December 29, 2008

"While You Were Away..."

So, you didn't have time to catch the news the past week? Sure. It was Christmas and perhaps, a time for peace and quiet however, the news marched on and here's a few things you may have missed.
  • Purrrrrfect Ironic ending - Comic book nerds and fans of campy nostolgia were left speechless on Christmas Day as the lady who portrayed Catwoman in the 1960's serial Batman passed away. She was in her 80's. Her death was somewhat ironic considering her other claim to fame was her rendition of, "Santa Baby" which was a top ten single in the 60's. Perhaps the Good Lord above chuckled to himself when choosing Christmas as a time to call her back home?! In any case, because of it being a rather slow week in the Entertainment Biz, another bit of irony surfaced in recent days when news tickers printed the same obituary on a daily basis as recently as today. That brings the total "deaths" of Eartha Kitt to five. Indeed, if the cliche is really true, this cat lady DOES have nine lives... which of course means, four more obits to go! Irony #3? Nope. This is kinda pushing a conspiracy theory not yet looked into. Though it is odd and almost exactly a year past his death, Heath Ledger and Eartha Kitt never crossed paths.

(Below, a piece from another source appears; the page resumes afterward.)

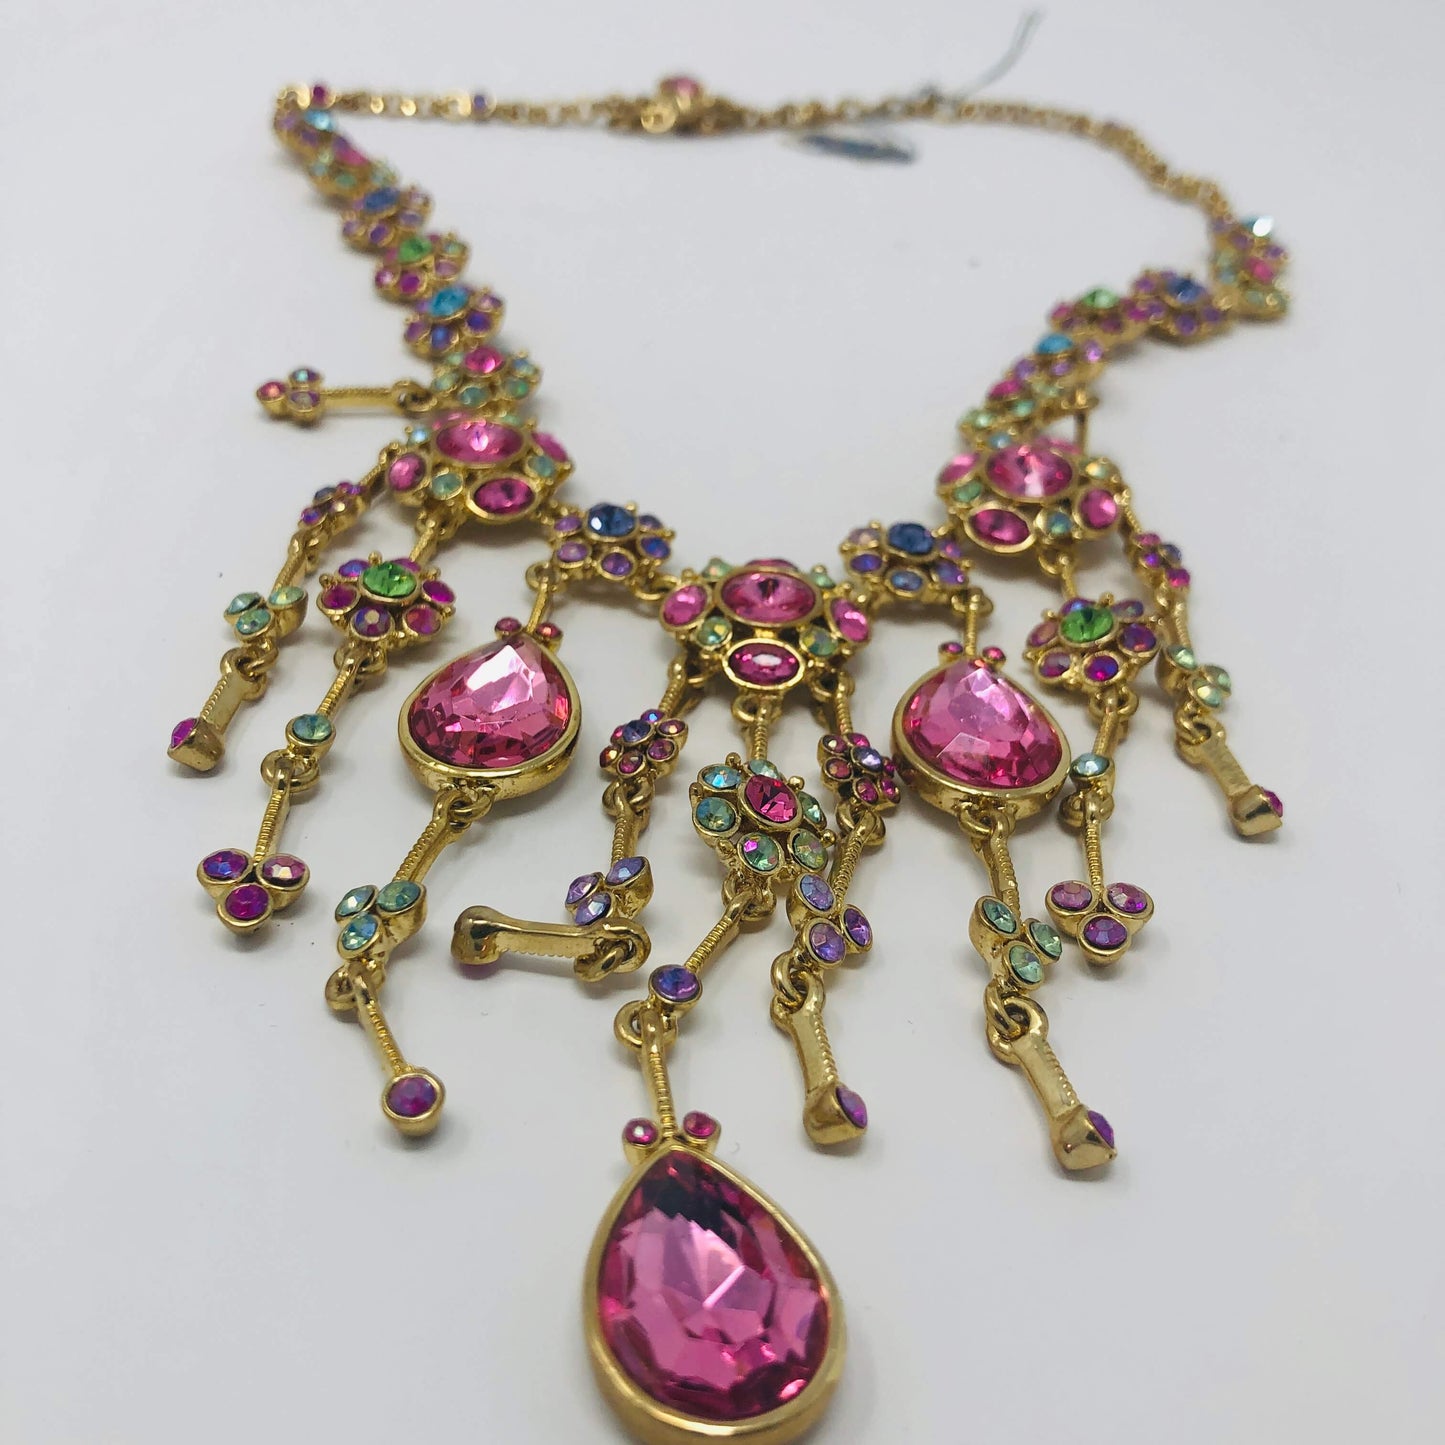 Decorated Golden Chain - Rofial Beauty

  • If you hold his ear up close next to yours, you can hear the Pacific Ocean! Just don't take his picture, PLEASE! Although not yet officially, he's been our President since November. Borack Obama. He's held daily Press Conferences, selected a whole list of his favorites to fill the Democratic Party's empty shoes. All this while George W. Bush is still kinda technically our President although missing as of late. While Obama finishes his walk on the sandy beaches of Hawaii before being sworn in as Commander-in-Chief, publications such as Time Magazine are already pointing out Obama's biggest beef: Being followed by camera crews. A recent article discussed his being annoyed by "gawkers" preying on him and his family and same magazine showed a timeline of how the job ages a person at the end of his term. According to this photo at left, Obama will resemble Morgan Freeman almost as he appeared as President in Deep Impact. Hey, Obama's already aging rapidly due to Paparazzi? This photo may be somewhat conservative. Four years from now, he may look like Grady Wilson.

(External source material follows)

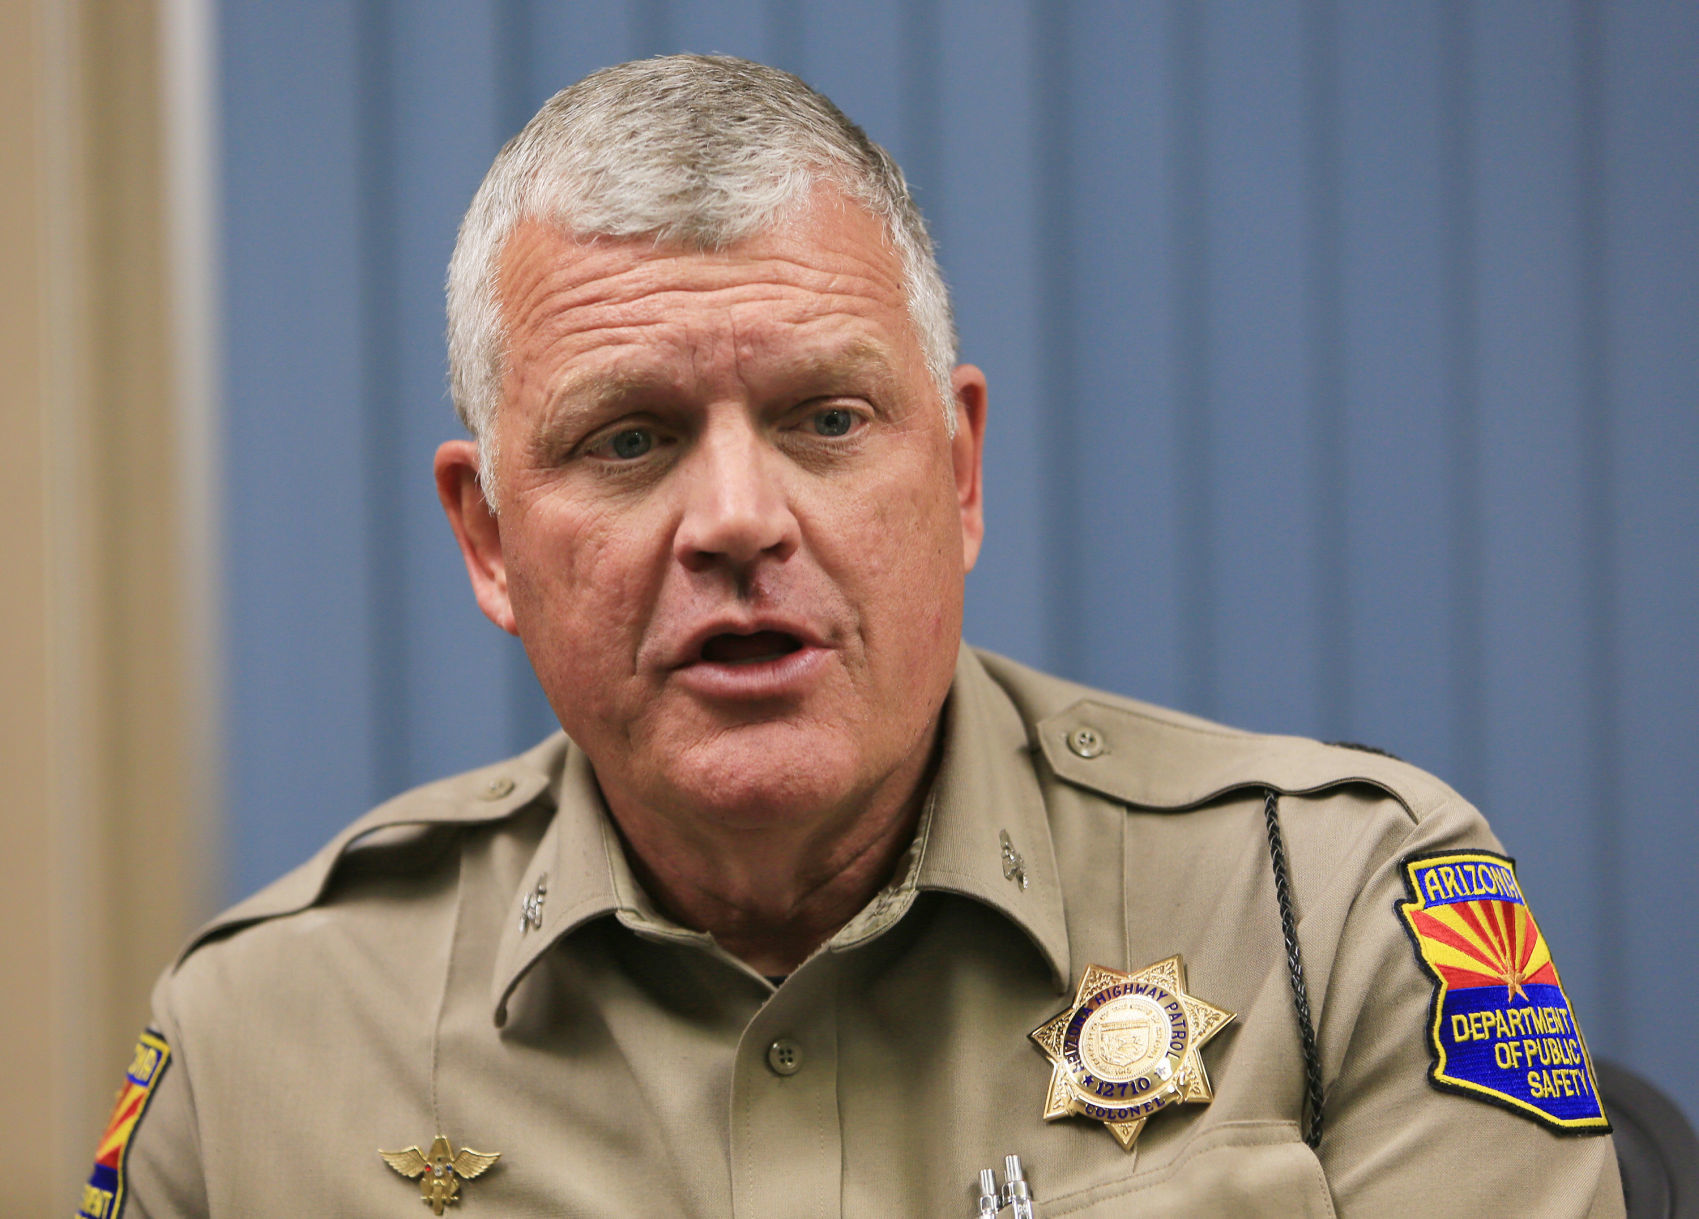 Tim Steller's opinion: DPS director loses authority after traffic stop

  • From the "Gee, maybe I should've said something sooner" files... There's nothing funny about the L.A. fella who dressed up in a Santa suit and went berzerk on his ex wife and family on Christmas Eve. It was a tragic story that ended with his own suicide. As is often the case in tragedies such as this, days later people/witnesses/those who seek attention start speaking to reporters to spin their own stories on events leading up to what happened. A woman (who chose not to be identified for fear of God knows what) had a chat with the tabloid talk outlet known as, Inside Edition. It was this lady who makes a living as a seamstress, that said she felt something suspicious about the guy who came into her shop last month to get custom fitted for a Santa Suit and stressed that she make it "XXL with plenty of deep pockets on the inside". Of course, we know what happened next. Hours later, same woman appeared on CNN telling the same story. Thanks for nothing lady! It's too late for "would've, should've, could'ves". I'm sure the survivors are grateful for your suspicions about the bad Santa. It's a shame you didn't talk BEFORE the events took place!
  • "A beautiful breeze in Greece" or in this case, "GREASE". Now your Pops/husband/boyfriend/significant other with bad taste can have the smell to go with it as Burger King rolled out it's latest menu item in the form of "Le toilet water". It's true. You or someone special can stink like the creepy pedophile King mascot who's always on the run from something or someone in commercials. Let's face it, you can smell like his meat... the meat that BK is so famous for "flame broiling" (although it's been decades since I actually spotted an actual fire going in the joint). Initially, the small bottle was to be sold via their website however, a few select stores sell the $7.99 bottle of BK right off the menu. Described as a cross between "Old Spice" and "fresh cut pine trees", this is the perfect follow up to last years "Play-Doh" cologne (which yes, actually existed). Save the eight bucks, wait for a warm day and throw Grandpa's Fruit of the Looms on the Bar-B in between the corn-on-the-cob and Oscar Mayer weiners and you get the same thing.